Es sei unverständlich, wie man in Zeiten von Finanznot, Erosion der Demokratie und Bildungskrise den Heilsbringer in der Digitalisierung suchen könne, sagte Zierer. Diese sei mitverantwortlich für die genannten Probleme. "Das Ganze gleicht einem Digitalisierungswahn!" Andere Länder wie Frankreich, Schweden oder die Niederlande würden aufgrund der Studienlage bereits umdenken.
"Beim Lernen spricht vieles für das Analoge"
Der Ordinarius für Schulpädagogik der Universität Augsburg begründete seine Kritik damit, dass die Erkenntnisse der Bildungsforschung zu digitalen Medien eindeutig seien. Demnach seien gedruckte Schulbücher didaktisch wertvoller als digitale Varianten. "Auch wenn digitale Medien mehr Möglichkeiten eröffnen: Beim Lernen spricht vieles für das Analoge", betonte Zierer.

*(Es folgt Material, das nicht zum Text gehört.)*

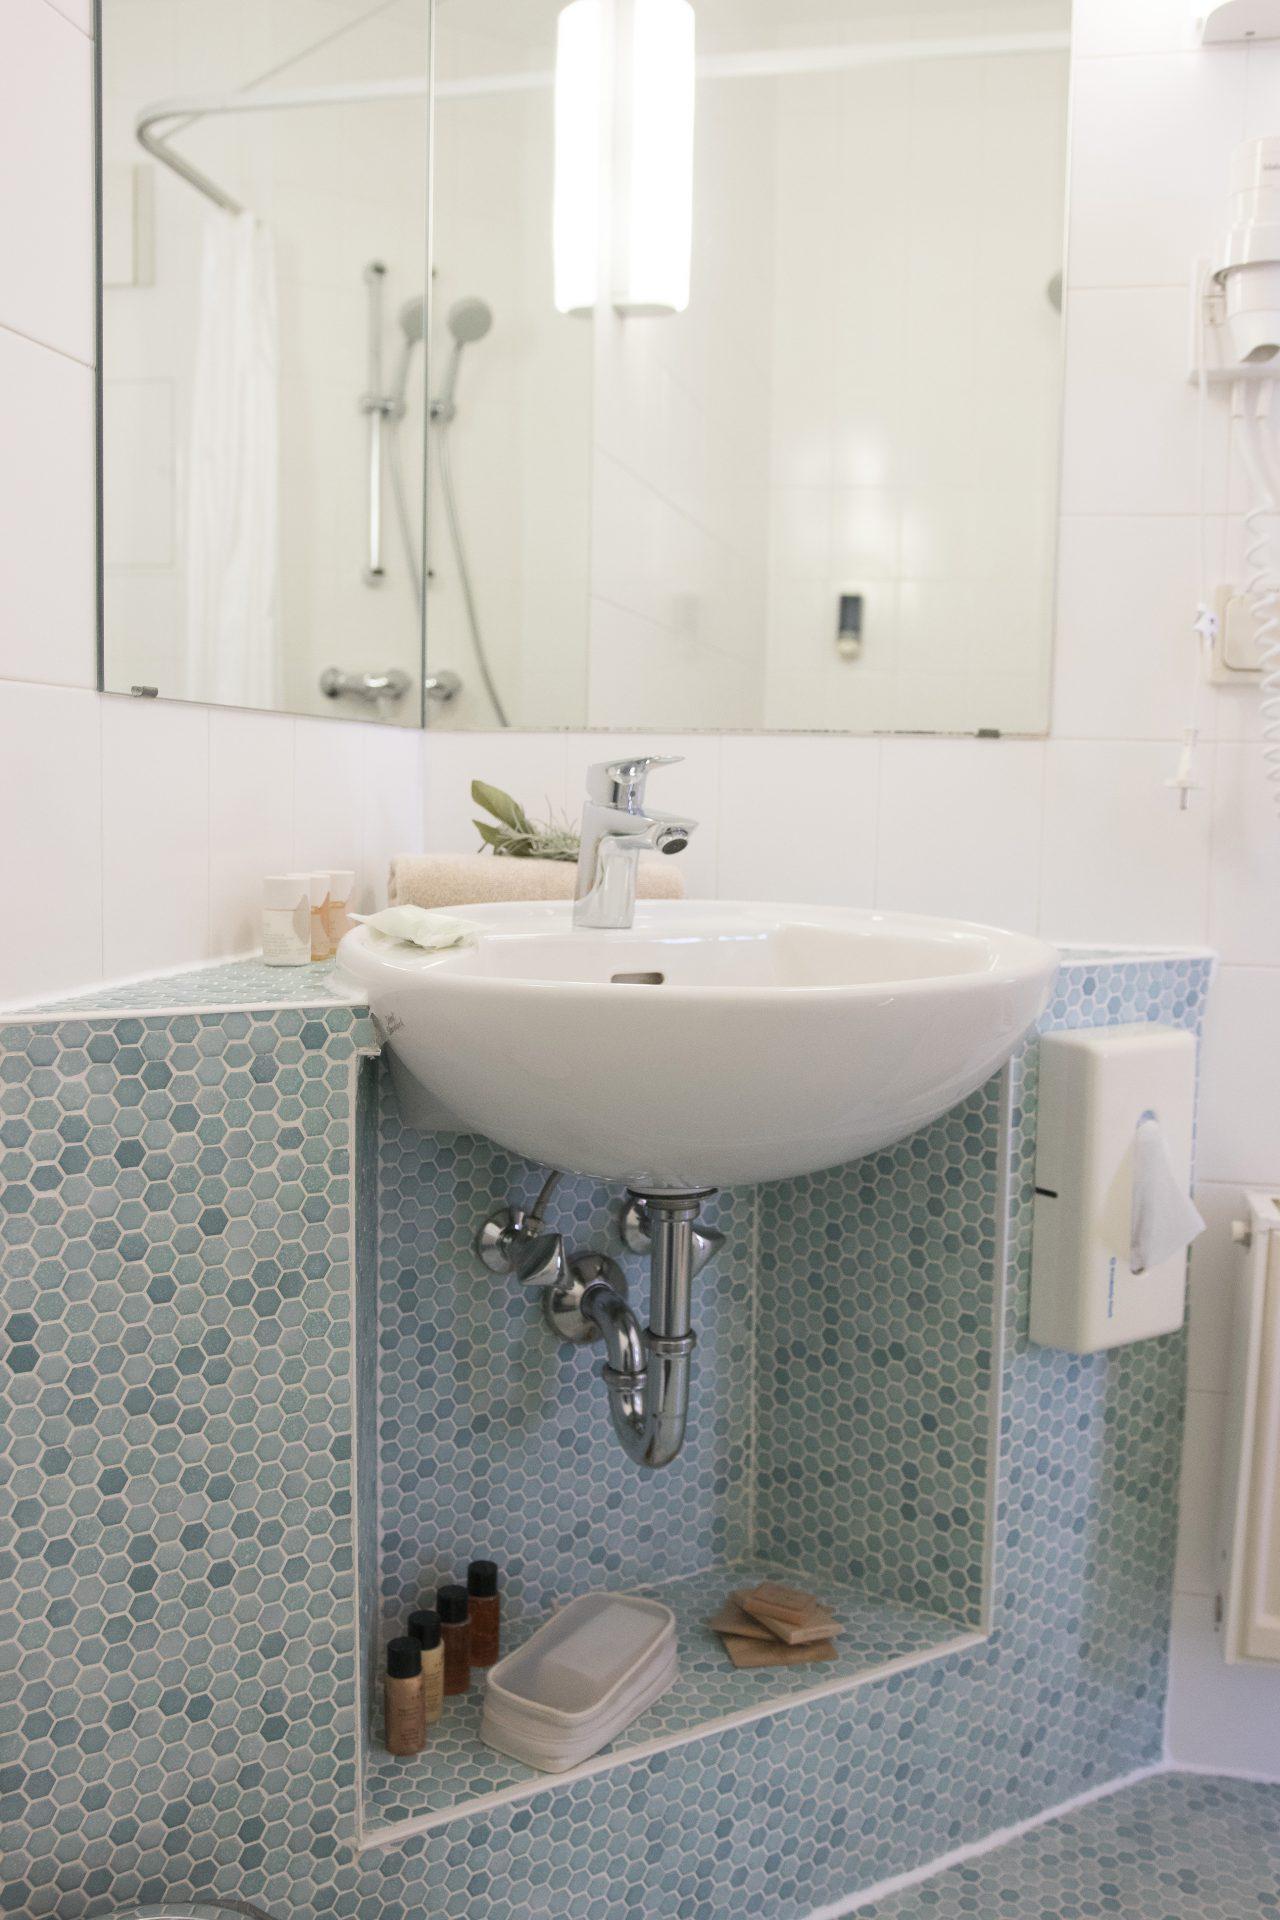 Mit Dusche, WC, Föhn und kleinen Servicepacks bestens ausgestattet - die Bäder im Kräuterberg'l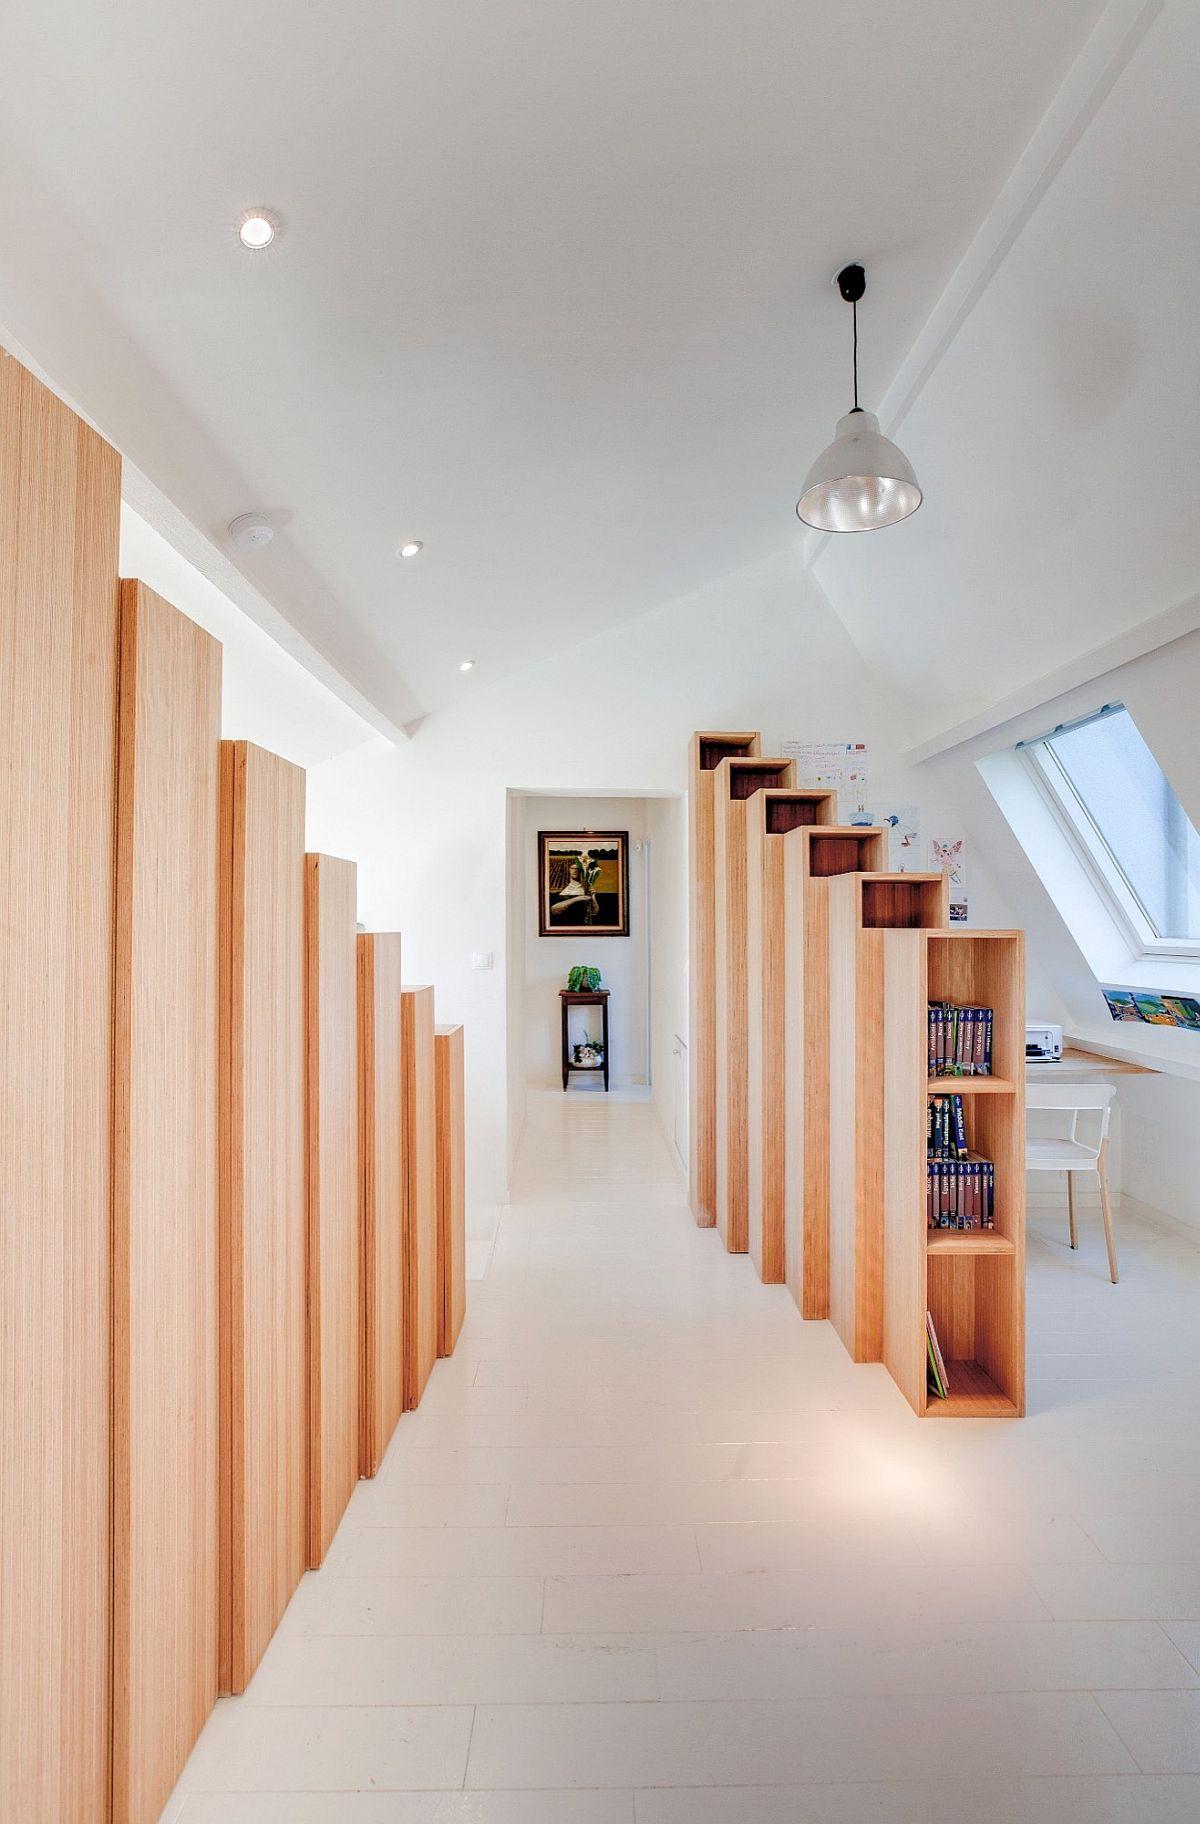 Mezzanine level beech shelving units hide the bedroom entrance

Er warnte, dass die häufige Nutzung von Handys, Tablets oder Computern den Wortschatz der Kinder reduziere und die Fähigkeit zur Textproduktion hemme. Zierer bezog sich auf eine Untersuchung der Technischen Universität Dortmund zu Viertklässlern. "Die Ergebnisse zeigen, dass Kinder, die selten Bücher lesen und häufig an digitalen Geräten, den höchsten Förderbedarf hinsichtlich ihres Wortschatzes aufweisen", heißt es in der Ende 2022 vorgelegten Studie.
Die flächendeckende Ausstattung mit Tablets werde den Kindern mehr schaden als nutzen, warnte Zierer. Die Politiker sollten sich wieder den zentralen bildungspolitischen Herausforderungen zuwenden. Er nannte etwa "wirksame Maßnahmen zur Behebung des Lehrermangels".